EXERCISE DETAILS: Below are the records; copy exactly the stretch from the line containing "Martin Schulz im" through the line containing "AyaMastro 16-Gallon Garden", both ends included, and nothing else.

EXTRACTED MATERIAL:
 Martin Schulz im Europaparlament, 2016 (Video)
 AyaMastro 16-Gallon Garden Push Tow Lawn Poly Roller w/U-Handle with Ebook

* * *

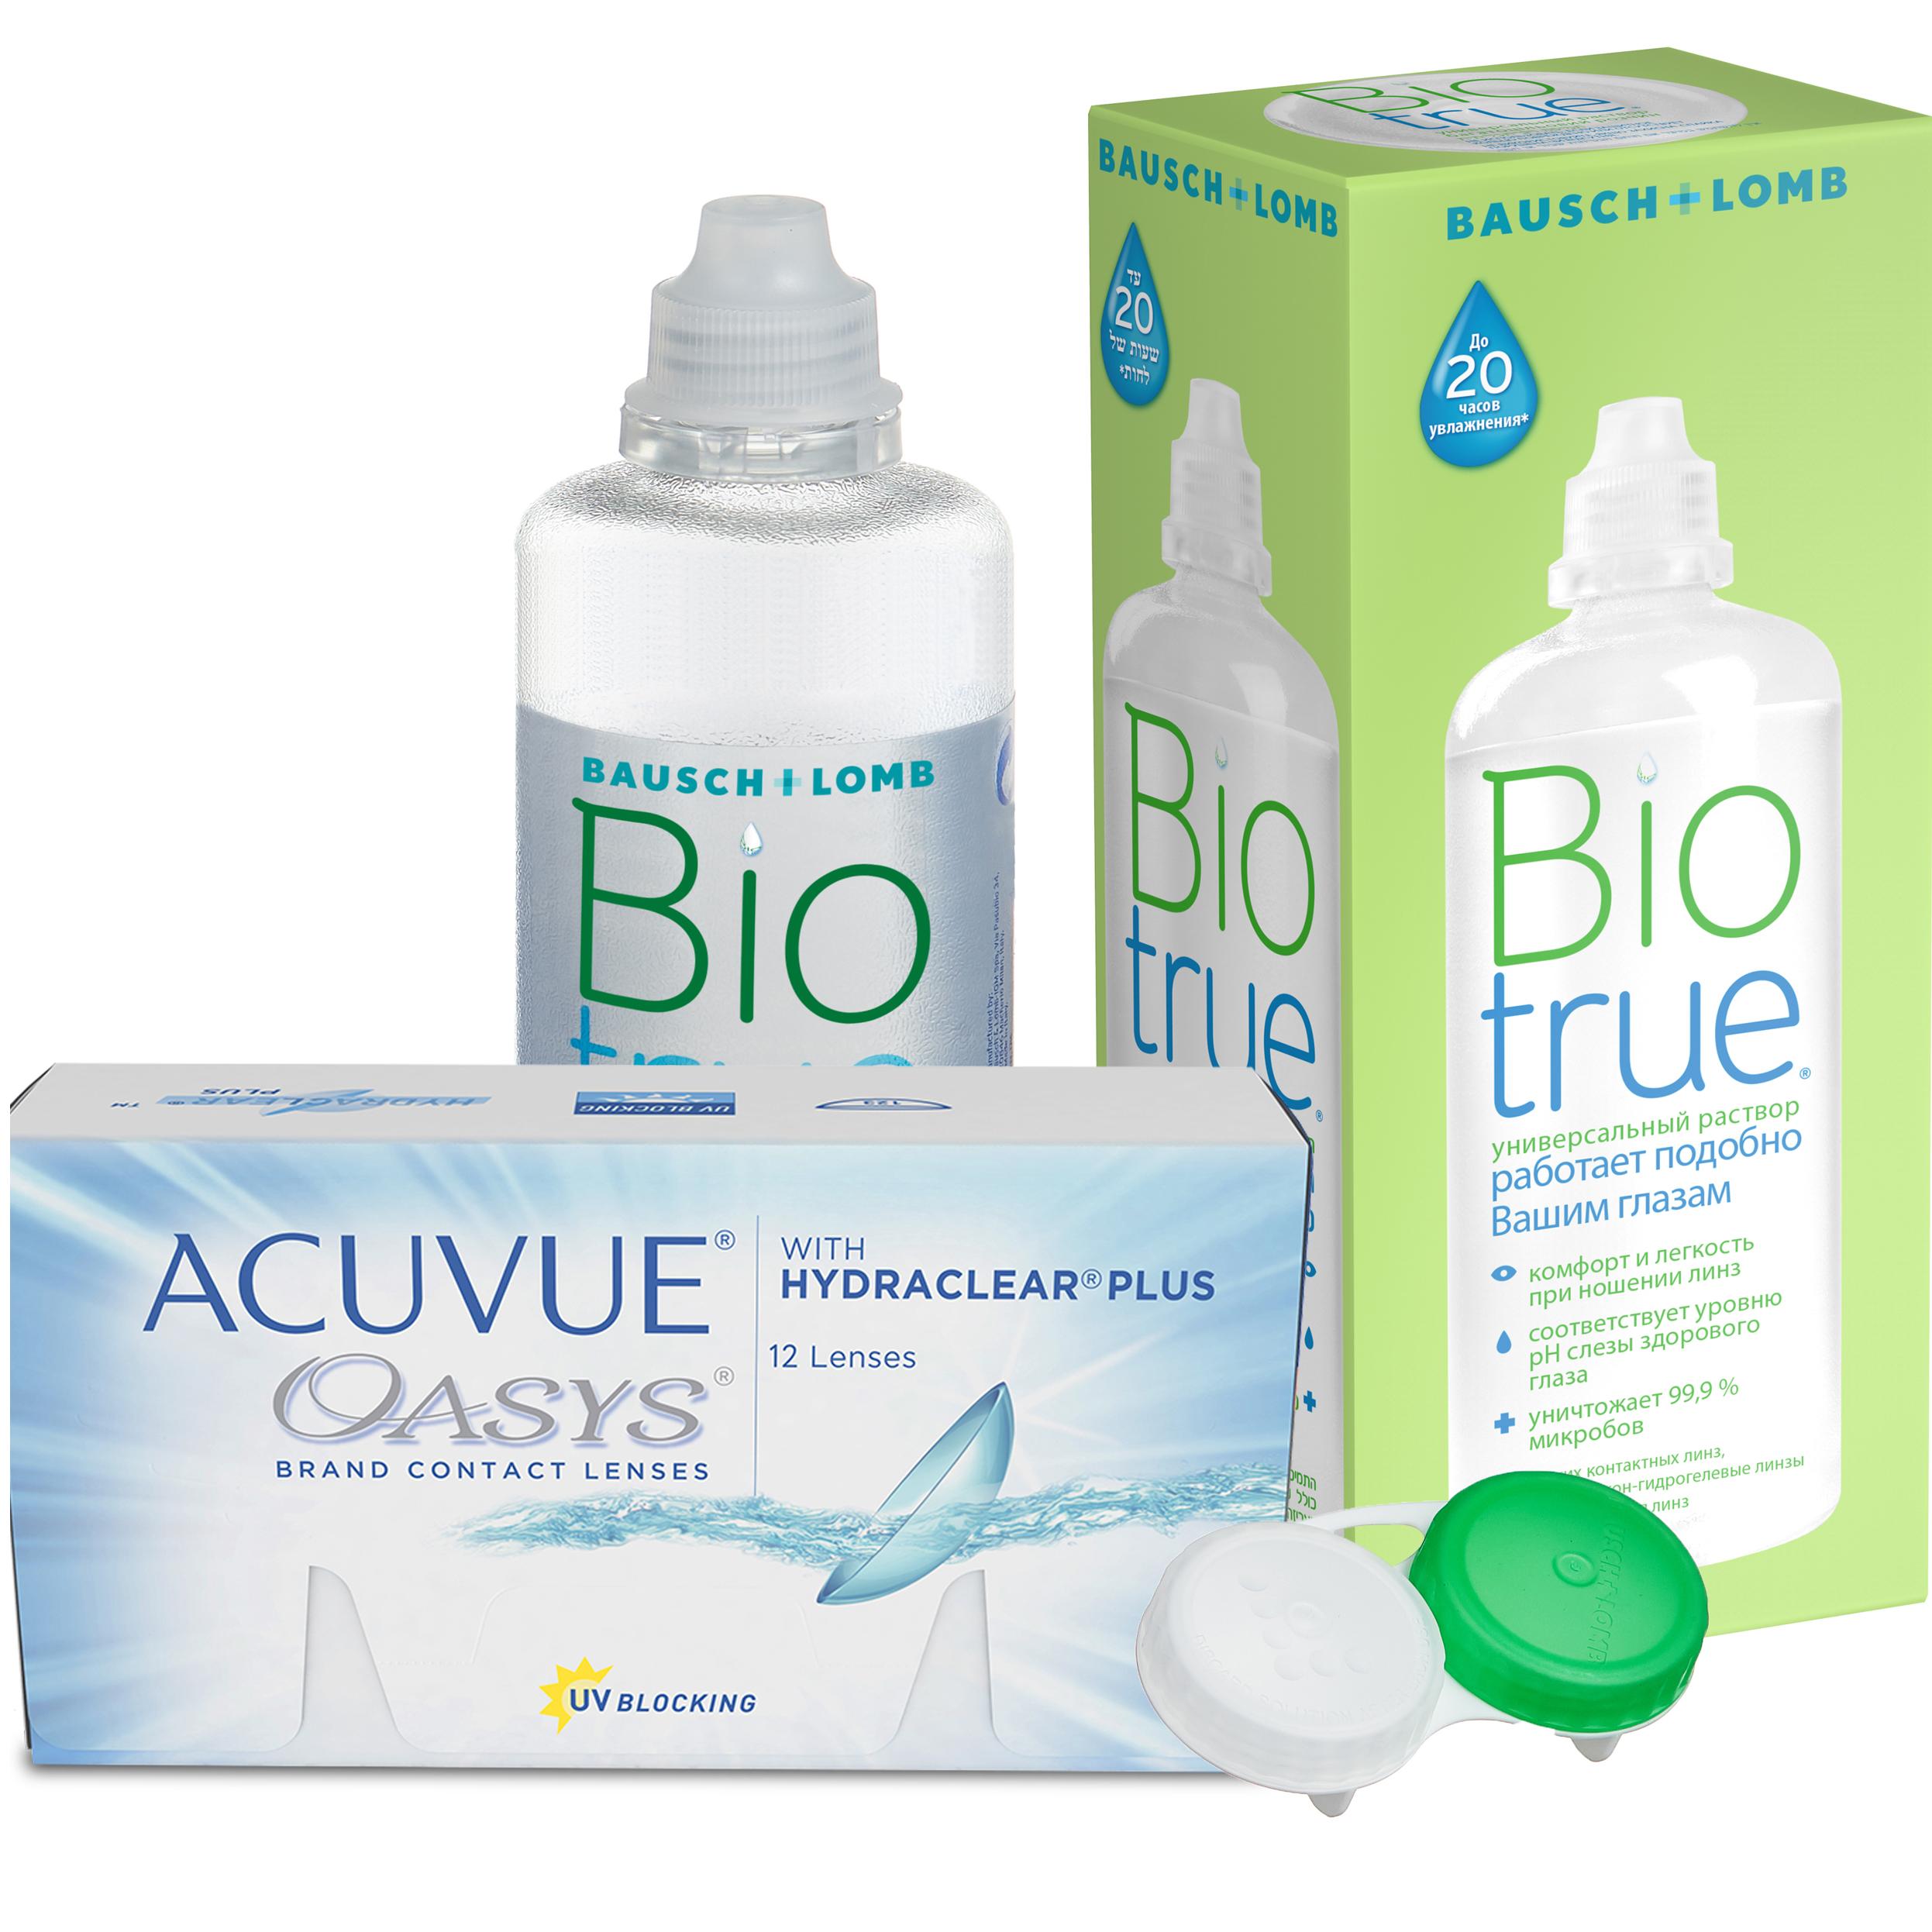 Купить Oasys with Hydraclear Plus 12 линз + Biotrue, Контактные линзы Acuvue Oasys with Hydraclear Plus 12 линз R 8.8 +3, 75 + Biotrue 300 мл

RESULT OF THE TASK:
 Martin Schulz im Europaparlament, 2016 (Video)
 AyaMastro 16-Gallon Garden Push Tow Lawn Poly Roller w/U-Handle with Ebook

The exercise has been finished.